Krokers RAM: Microsoft sollte die Verschiebung im PC-Markt ernst nehmen!

Mein Rant am Morgen: Auch wenn der Softwarekonzern aus Redmond längst nicht mehr nur von Windows und Office abhängig ist – gerade Notebooks sind immer noch ein wichtiges Eintrittstor ins Geschäft mit der Cloud und weiterer Unternehmens-Software. Daher muss Microsoft wachsam sein.

Heimlich, still und leise hat sich seit Anfang 2020, also in den vergangenen gut anderthalb Jahren, eine Verschiebung im PC-Markt vollzogen: Microsoft ist zwar mit Windows immer noch mit großem Abstand der dominante Player bei den PC-Betriebsssystemen.

Auf den Plätzen hat sich aber einiges getan: Schon im Weihnachtsquartal 2020 überholte Chrome OS – das Betriebssystem hinter den Chromebooks aus dem Hause Google – MacOS von Apple als zweitgrößtes PC-Plattform.

Das Wachstum hielt auch 2021 an – zuletzt kletterten Chromebooks um stolze 75 Prozent und trieben damit den PC-Markt insgesamt an.
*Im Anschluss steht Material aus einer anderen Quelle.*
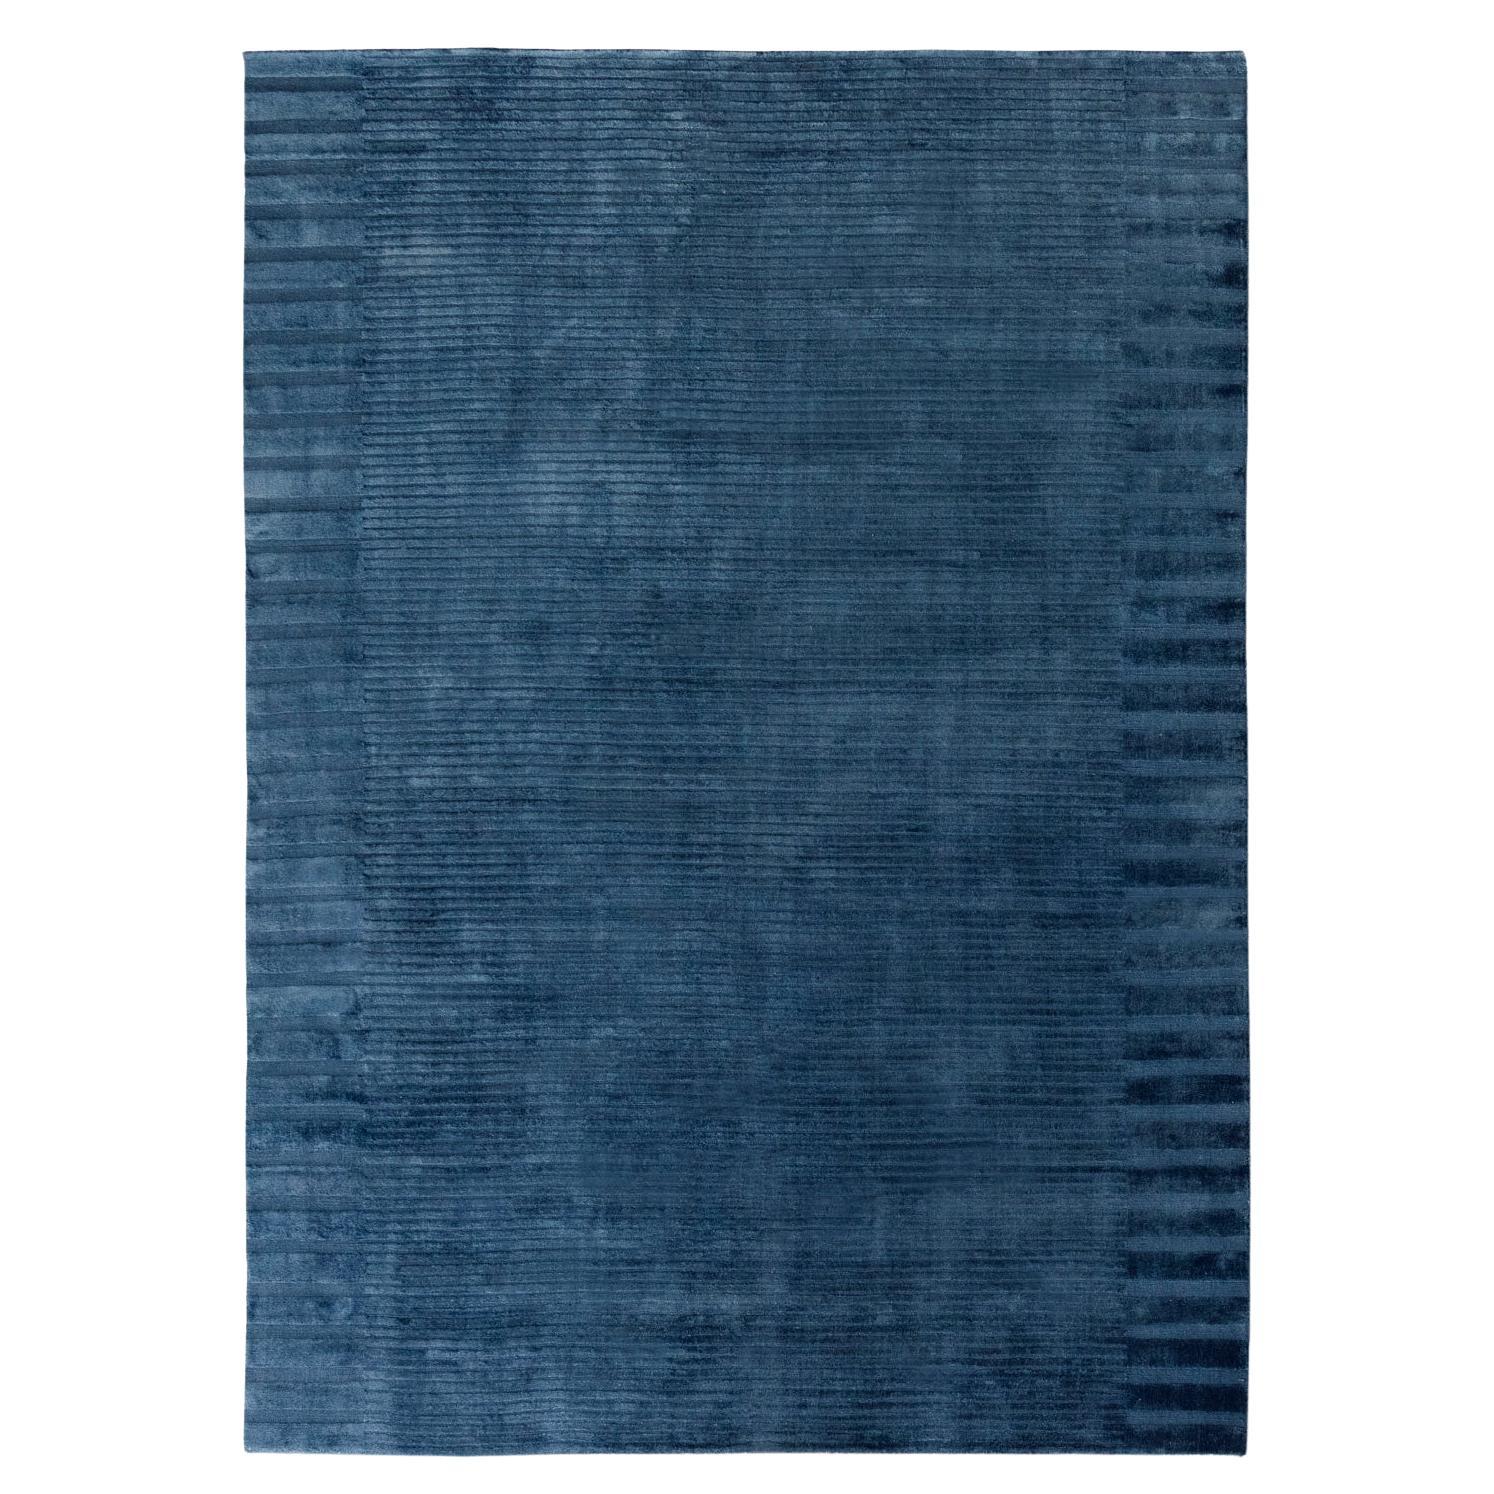 21st Cent Natural Striped Spring Blue Rug by Deanna Comellini In Stock 250x350cm For Sale

Aktuell liegt der Anteil der Chromebooks immerhin schon bei 13 Prozent aller verkauften Notebooks.

All dies in gerade einmal sechs Quartalen – dabei sind Chromebooks schon mehr als zehn Jahre am Markt. Das zeigt: Google hat aktuell ordentlich Rückenwind in diesem Geschäft, nachdem der Internetriese hier lange abgeschlagen war.

Zwar ist Microsoft längst nicht mehr die reine Windows- und Office-Company wie noch vor einigen Jahren. Gleichwohl sollten die Redmonder die Verschiebungen im PC-Markt beobachten und ernst nehmen.

Schließlich stellen gerade Notebooks immer noch ein wichtiges Einfallstor für weiteres Geschäft mit Unternehmenssoftware dar. Wenn Microsoft hier einen Rivalen wie Google Eintritt gewährt, könnte sich dies mittelfristig auch auf Cloud-Segment und andere Geschäfte wie etwa Office-Pakete auswirken.